The study, published in Proceedings of the National Academy of Sciences (PNAS), describes a family of molecules known as 'sugar aziridines.' These compounds are inspired by the widely used flu drug Oseltamivir (Tamiflu), but are designed to act in a fundamentally different way.

A stronger way to stop the flu virus

Influenza viruses rely on a surface enzyme called neuraminidase to spread from infected cells to healthy ones. Neuraminidase is also the target of today’s frontline flu medicines, which many countries stockpile as part of their pandemic preparedness plans. Current antiviral drugs, including oseltamivir, work by temporarily blocking this enzyme.

The newly developed sugar aziridines go a step further. First, they mimic a brief, critical stage in the enzyme’s chemical reaction, called the transition state, which allows the compounds to bind very tightly. Then, unlike existing drugs, they form a covalent (permanent) bond with the enzyme, effectively locking it in an inactive state.

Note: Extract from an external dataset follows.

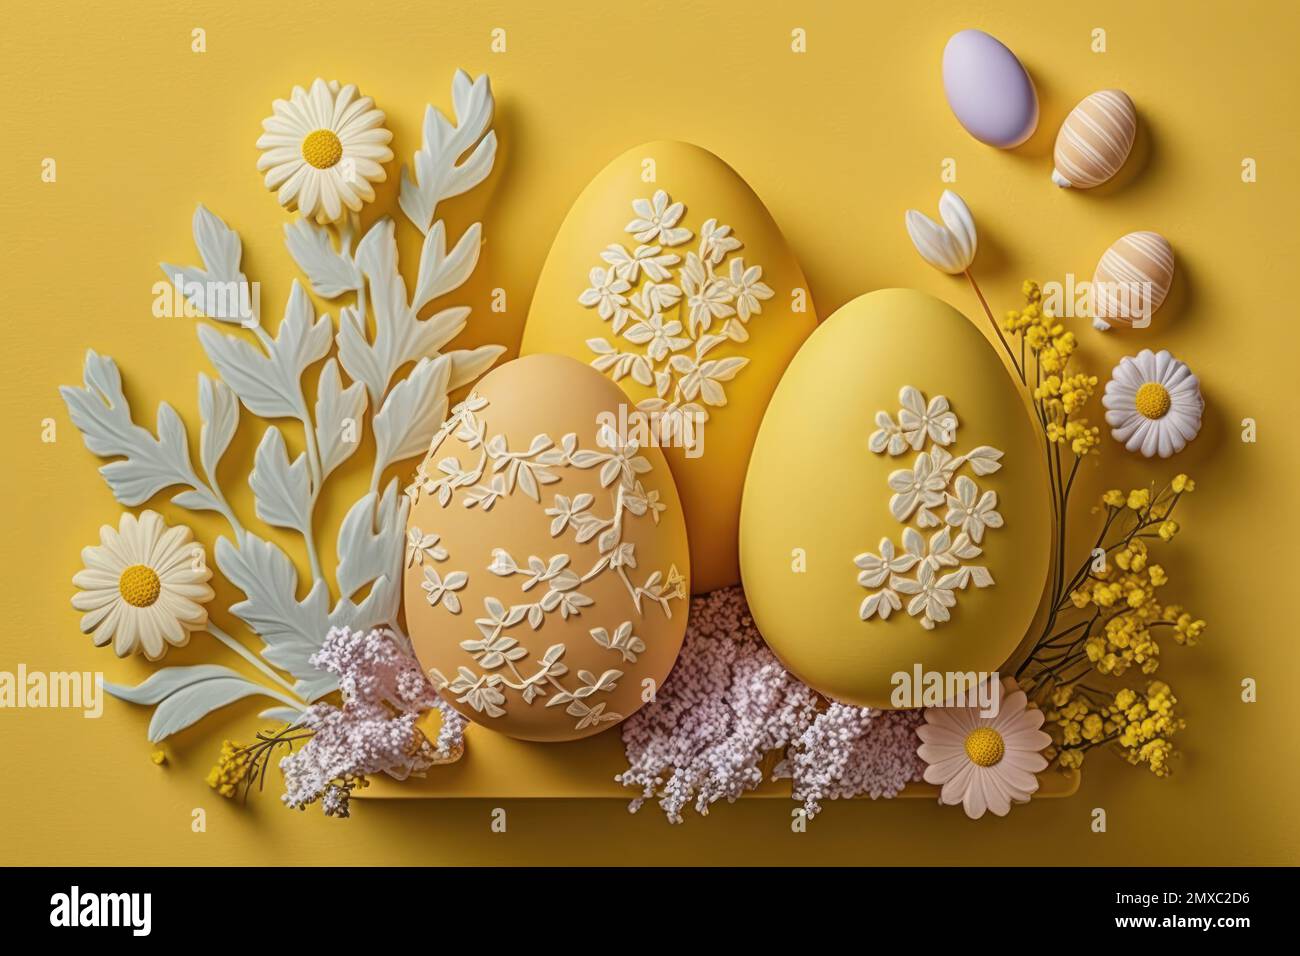 This sleek and modern Easter background is all about simplicity and sophistication. Against a clean white background, a minimal arrangement of fresh b Stock Photo

Inspired by Tamiflu — redesigned to go further

To create this new class of inhibitors, the researchers modified the Tamiflu molecule by replacing a small chemical group (an alkene) with an aziridine ring in the appropriate configuration. This ring acts as a reactive “warhead,” enabling the permanent bond with the enzyme and thereby overcoming the reversible action of current flu drugs.

In lab tests following World Health Organization (WHO) guidelines, several of the compounds strongly blocked flu viruses from infecting cells. They were particularly effective against H3N2, one of the main viruses responsible for seasonal flu in humans, but also effectively inhibited neuraminidase from avian influenza strains such as H5N1, also known as bird flu.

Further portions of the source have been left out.